Implementing Input Validation

Python Example:

def calculate_cardiovascular_risk(age, cholesterol_level):
    # Validate inputs
    if not (0 <= age <= 120):
        raise ValueError("Age must be between 0 and 120.")
    if not (100 <= cholesterol_level <= 400):
        raise ValueError("Cholesterol level must be between 100 and 400 mg/dL.")
    # Proceed with calculation
    risk = age * 0.2 + cholesterol_level * 0.8
    return risk

# Usage
try:
    risk_score = calculate_cardiovascular_risk(55, 180)
except ValueError as e:
    print(f"Input error: {e}")

R Example:

calculate_cardiovascular_risk <- function(age, cholesterol_level) {
  # Validate inputs
  if (age < 0 || age > 120) {
    stop("Age must be between 0 and 120.")
  }
  if (cholesterol_level < 100 || cholesterol_level > 400) {
    stop("Cholesterol level must be between 100 and 400 mg/dL.")
  }
  # Proceed with calculation
  risk <- age * 0.2 + cholesterol_level * 0.8
  return(risk)
}

# Usage
risk_score <- tryCatch({
  calculate_cardiovascular_risk(55, 180)
}, error = function(e) {
  message("Input error: ", e$message)
  NA
})

Testing Your Functions

Implement Unit Tests to Verify Behavior:

  • Use Testing Frameworks:
    • Python: unittest, pytest
    • R: testthat
  • Create Test Cases for:
    • Valid inputs (expected to succeed)
    • Invalid inputs (expected to raise errors)
    • Edge cases (e.g., inputs at the boundary of acceptable ranges)

Example: Python Unit Test with unittest

import unittest

class TestCardiovascularRiskCalculation(unittest.TestCase):
    def test_valid_inputs(self):
        self.assertAlmostEqual(calculate_cardiovascular_risk(55, 180), 55 * 0.2 + 180 * 0.8)
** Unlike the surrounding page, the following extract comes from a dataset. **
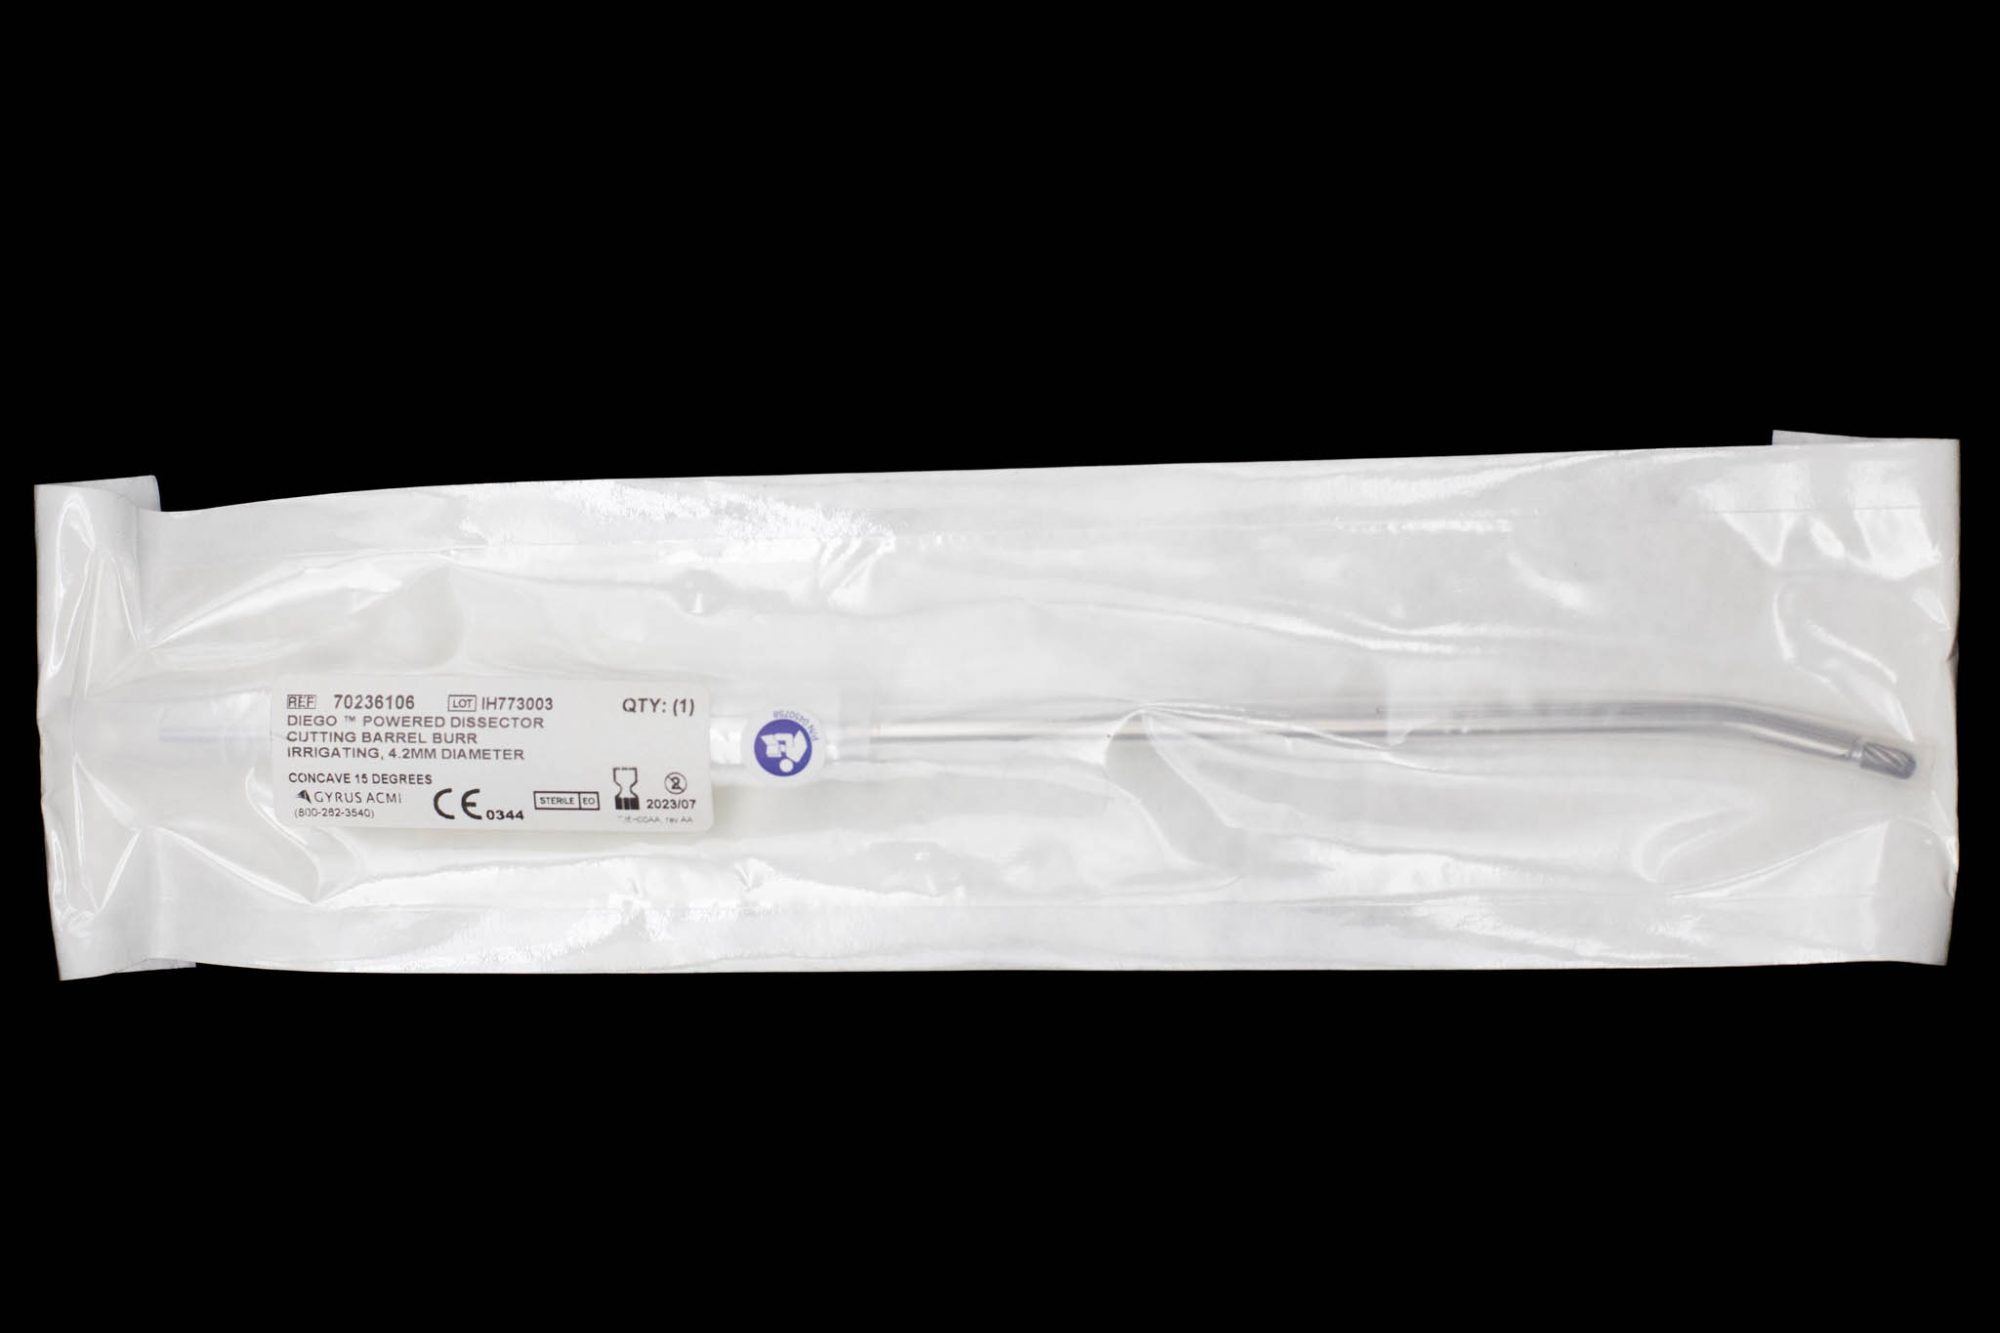 Disposable Diego Powered Dissector, Cutting Barrel Burr, Irrigating, 4.2mm Dia, Concave 15 Deg. - 70236106 [1/Bag]

    def test_invalid_age(self):
        with self.assertRaises(ValueError):
            calculate_cardiovascular_risk(-1, 180)

    def test_invalid_cholesterol(self):
        with self.assertRaises(ValueError):
            calculate_cardiovascular_risk(55, 500)

if __name__ == '__main__':
    unittest.main()

Example: R Unit Test with testthat

library(testthat)

test_that("Valid inputs return correct risk", {
  expect_equal(calculate_cardiovascular_risk(55, 180), 55 * 0.2 + 180 * 0.8)
})

test_that("Invalid age throws an error", {
  expect_error(calculate_cardiovascular_risk(-1, 180), "Age must be between 0 and 120")
})

test_that("Invalid cholesterol level throws an error", {
  expect_error(calculate_cardiovascular_risk(55, 500), "Cholesterol level must be between 100 and 400")
})

➡️ Exercise

Task:

Review your existing codebase for any functions that accept input data.

Steps:

  1. Identify Functions with Inputs:
    • Locate functions that take input data as arguments.
    • Note any assumptions or requirements for these inputs.
  2. Implement Input Validation:
    • Add checks to ensure inputs meet expected criteria.
    • Provide clear and informative error messages for invalid inputs.
  3. Document Assumptions:
    • Update your documentation to include all assumptions and input requirements.
  4. Write Unit Tests:
    • Create tests for both valid and invalid inputs.
    • Ensure that your functions behave as expected in all cases.